Material facts are not in dispute. The following facts are taken from the uncontroverted facts on which the district court based its rulings.
In September 1991, an automobile accident occurred in Prairie Village, Kansas, involving a vehicle operated by Allen and a vehicle operated by Ruth Head. Allen, a Missouri resident, was insured by Safeco in the state of Missouri. Allen made claim on Safeco under his insurance policy for medical expenses incurred as a result of the accident. Safeco paid Allen $2,924.60.
Allen made a tort claim against Head, and he was represented in his claim by the law firm of Accurso, Stein, McCaskill and Smith. The firm was located in Jackson County, Missouri. Schroeder was a legal assistant employed by that law firm. Acting on behalf of the firm, Schroeder agreed in a telephone conversation with a Safeco adjuster in St. Louis, Missouri, to protect Safeco's personal injury protection (PIP) lien in the event Allen recovered in tort against Head. At the time of the conversation, Schroeder was under the impression that Allen was a Kansas resident.
In December 1991, Allen settled all claims against Head. Safeco has not been reimbursed for the money it paid to Allen.
In addition to the facts put forward by the parties, the district court found that the Safeco policy provided $2,000 of medical payment coverage to Allen.
The district court dismissed Safeco's claims against Allen and Schroeder for lack of personal jurisdiction. Although Safeco cited the section of the long arm statute dealing with the commission of a tortious act in Kansas, the insurer made no factual allegations to support the exercise of jurisdiction on that basis. The district court also stated that there were no allegations even tending to show that the nonresident defendants purposely availed themselves of the privilege-conducting activities in Kansas from which Safeco's claims against them arose.
The district court concluded that State Farm Mut. Auto. Ins. Co. v. Baker, 14 Kan.App.2d 641, 797 P.2d 168, rev. denied 247 Kan. 705 (1990), was controlling. On the basis of Baker, the district court granted summary judgment to Accurso up to the limit of Safeco's liability under the medical payment provision of its policy, $2,000.
Finally, the district court granted summary judgment in favor of Safeco on the $925 of medical expenses paid in excess of the medical payments coverage. The court reasoned that Safeco was entitled to judgment on its claims against Accurso for breach of contract and conversion. The court cited in particular a written confirmation of the assurance, which first had been given by Schroeder in a telephone conversation, that Safeco's interest would be protected. In this regard, the district court stated:
The court further stated:
Safeco appealed from the parts of the judgment adverse to it. Accurso did not.
We first consider if Safeco had any right to recover the first $2,000 of medical payments to Allen. The district court concluded that Safeco did not, relying on the holding in Baker. Safeco suggests that this court should overturn Baker. Baker, a Missouri resident, was insured by State Farm under a policy issued in Missouri that provided medical payment coverage up to $1,000 not subject to subrogation by the insurer. Baker was involved in an automobile accident in Kansas. State Farm reimbursed him $511 for medical payments. State Farm alleged that the settlement of Baker's tort claim against the other driver was subject to subrogation. The Court of Appeals decided otherwise.
First, the Court of Appeals decided that Missouri law rather than Kansas law was applicable in construing the insurance policy "and determining the benefits afforded and paid, including those mandated under [the Kansas Automobile Injury Reparations Act] KAIRA." 14 Kan.App.2d at 645, 797 P.2d 168. The Court of Appeals parenthetically noted that the rules of construction applicable to insurance policies are virtually identical in Missouri and Kansas. Then, the Court of Appeals turned to the insurance policy:
14 Kan.App.2d at 646, 797 P.2d 168.
Hence, the district court's entry of summary judgment in favor of Baker and against State Farm was affirmed. 14 Kan.App.2d at 647, 797 P.2d 168.

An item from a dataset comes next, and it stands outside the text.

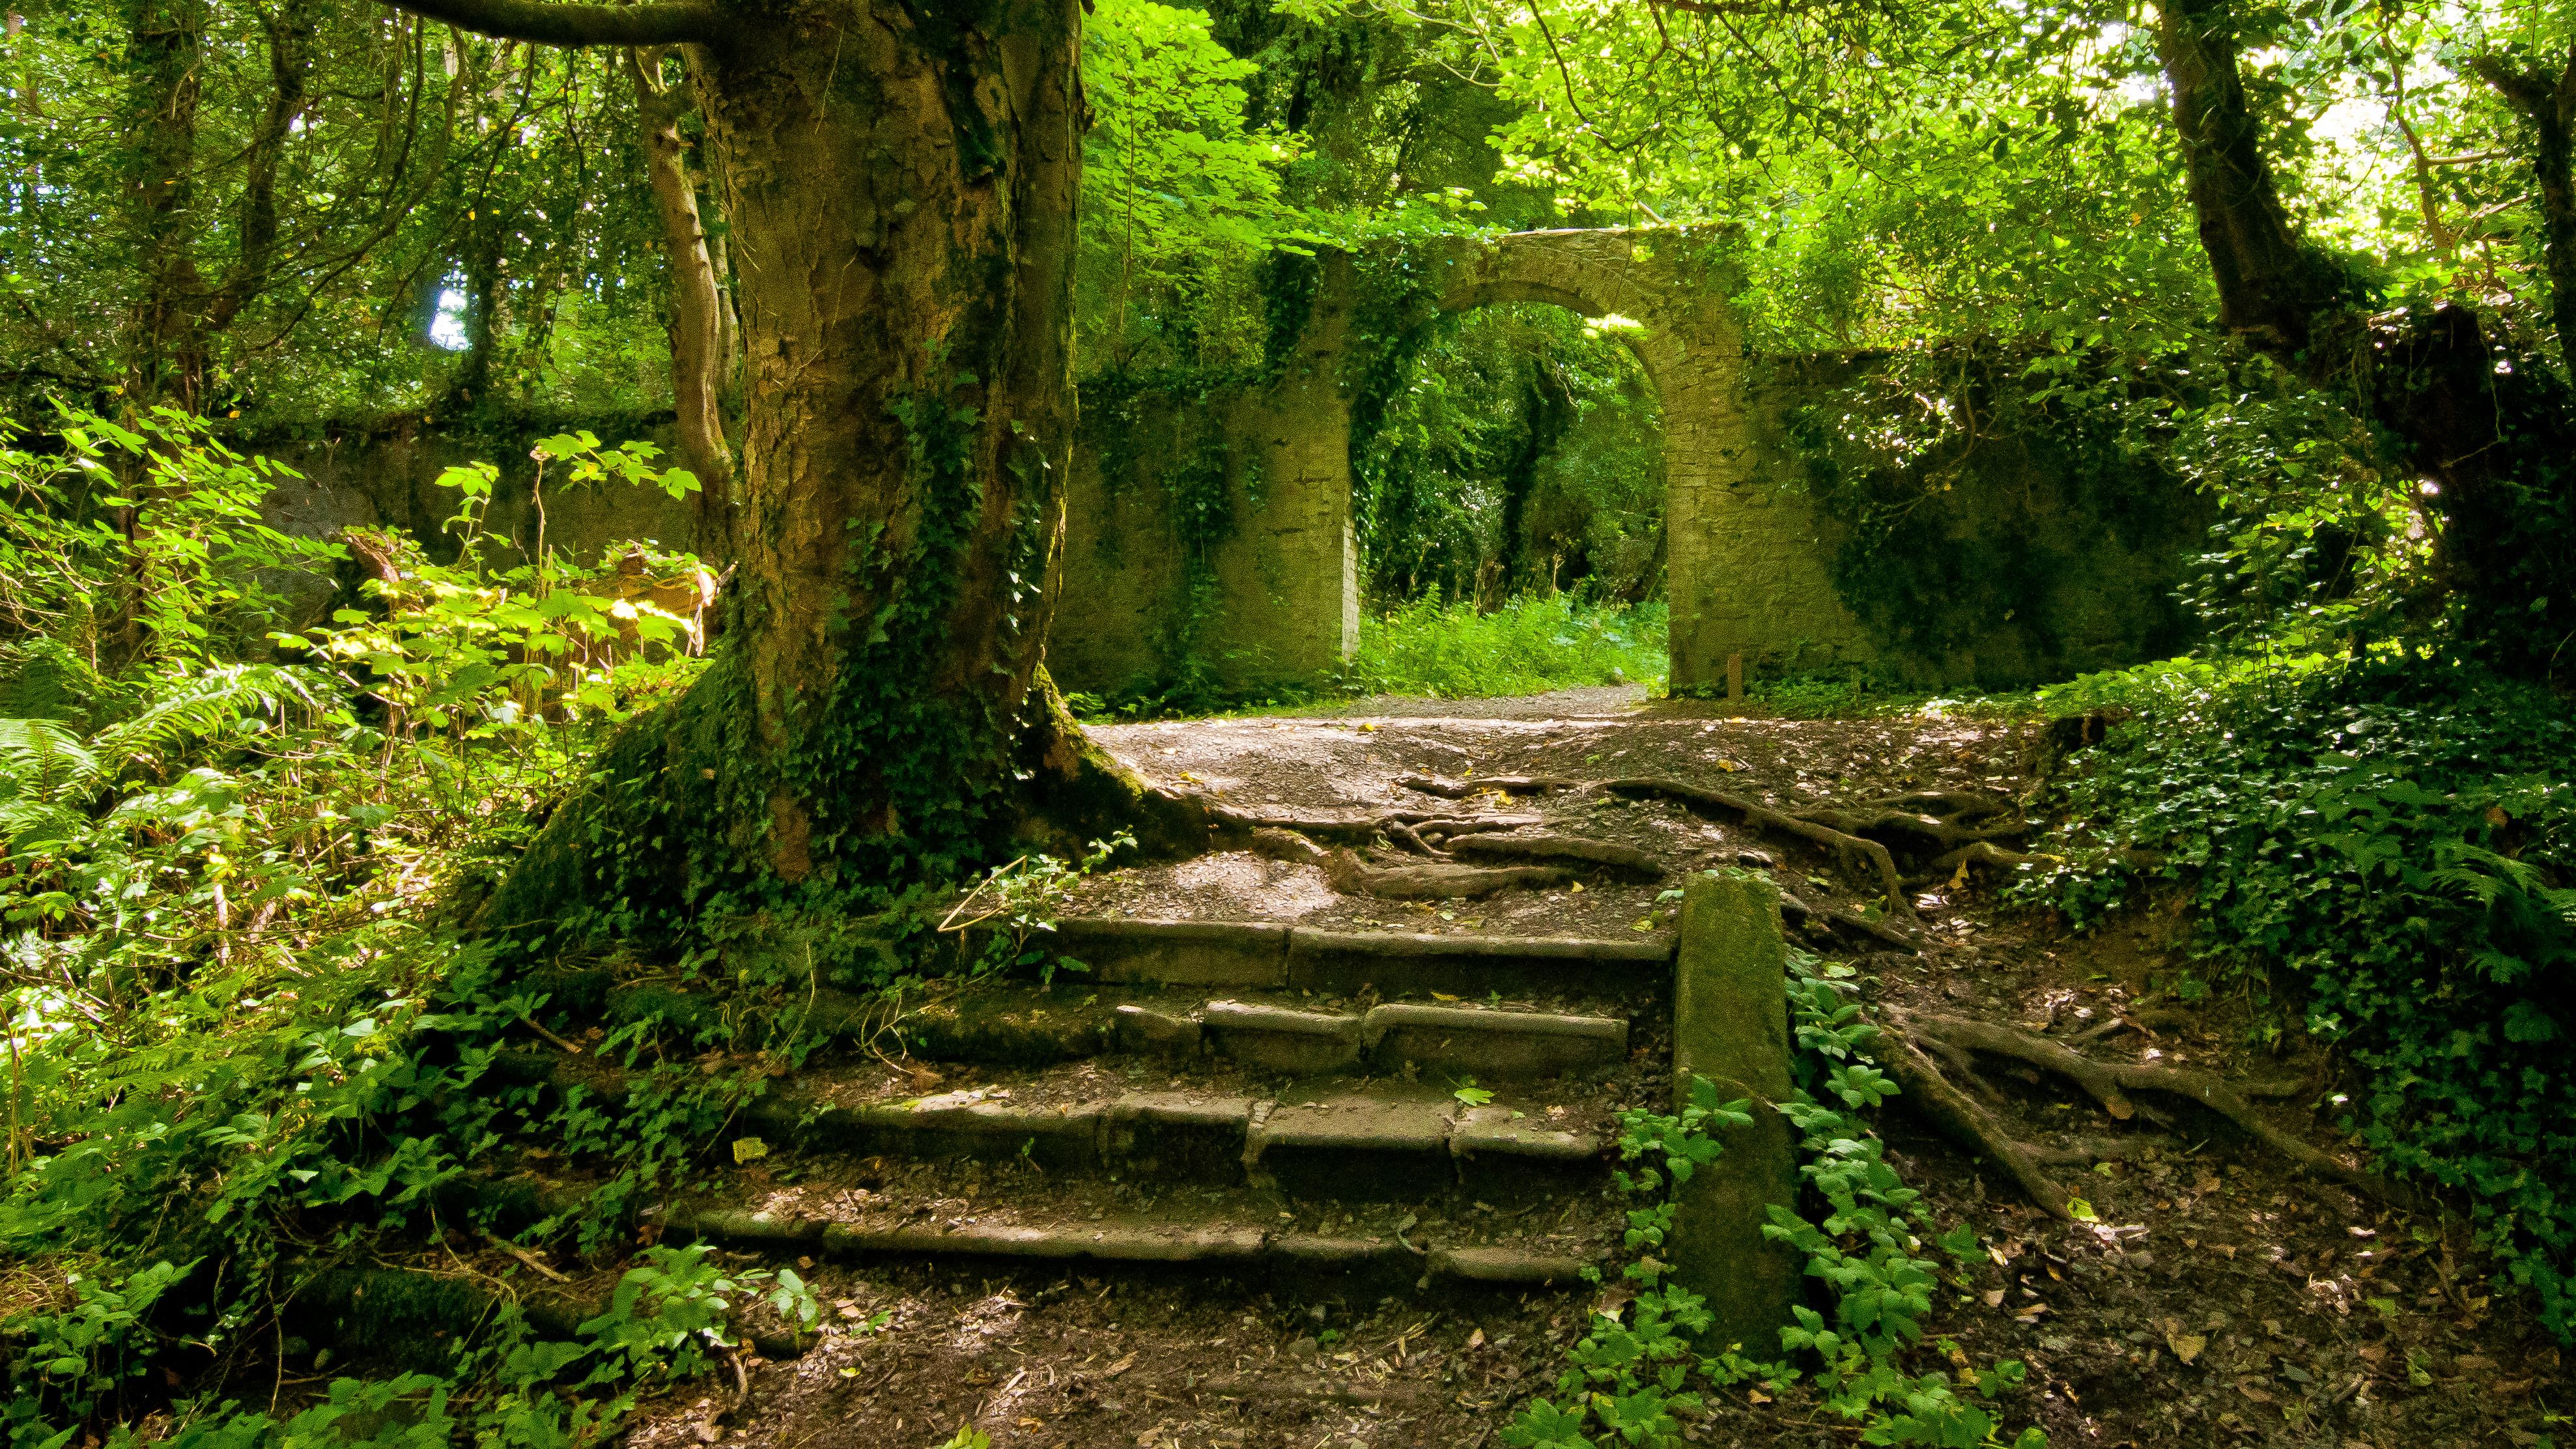 Charming Churches In Sherwood Or #1: Killakee_Estate_Ruined_Garden_(Summer).jpg

With the exception that Allen's medical expenses exceeded his policy's expressed coverage, the facts in the present case match those in Baker. Safeco reimbursed Allen for his medical expenses. If the reimbursement was a medical expenses payment under the policy that Allen purchased, Safeco is not entitled to subrogation of recovery Allen received from Head up to the amount of the medical expenses coverage under the Missouri policy. If the reimbursement was a Kansas statutory PIP benefit, Safeco is entitled to subrogation. K.S.A. 40-3113a(b) provides, in part: "In the event of recovery from such tortfeasor by the injured person ... by judgment, settlement or otherwise, the insurer ... shall be subrogated to the extent of ... personal injury protection benefits provided to date of such recovery and shall have a lien therefor against such recovery."
Safeco urges this court to overturn the decision in Baker "because the conclusion reached by the [Court of Appeals] is in error insofar as the Court failed to consider the express language of the statute, K.S.A. 40-3110(a)." K.S.A. 40-3110(a) provides, in part:
"[P]ersonal injury protection benefits due from an insurer ... under this act shall be primary and shall be due and payable as loss accrues, upon receipt of reasonable proof of such loss and the amount of expenses and loss incurred which are covered by the policy issued in compliance with this act."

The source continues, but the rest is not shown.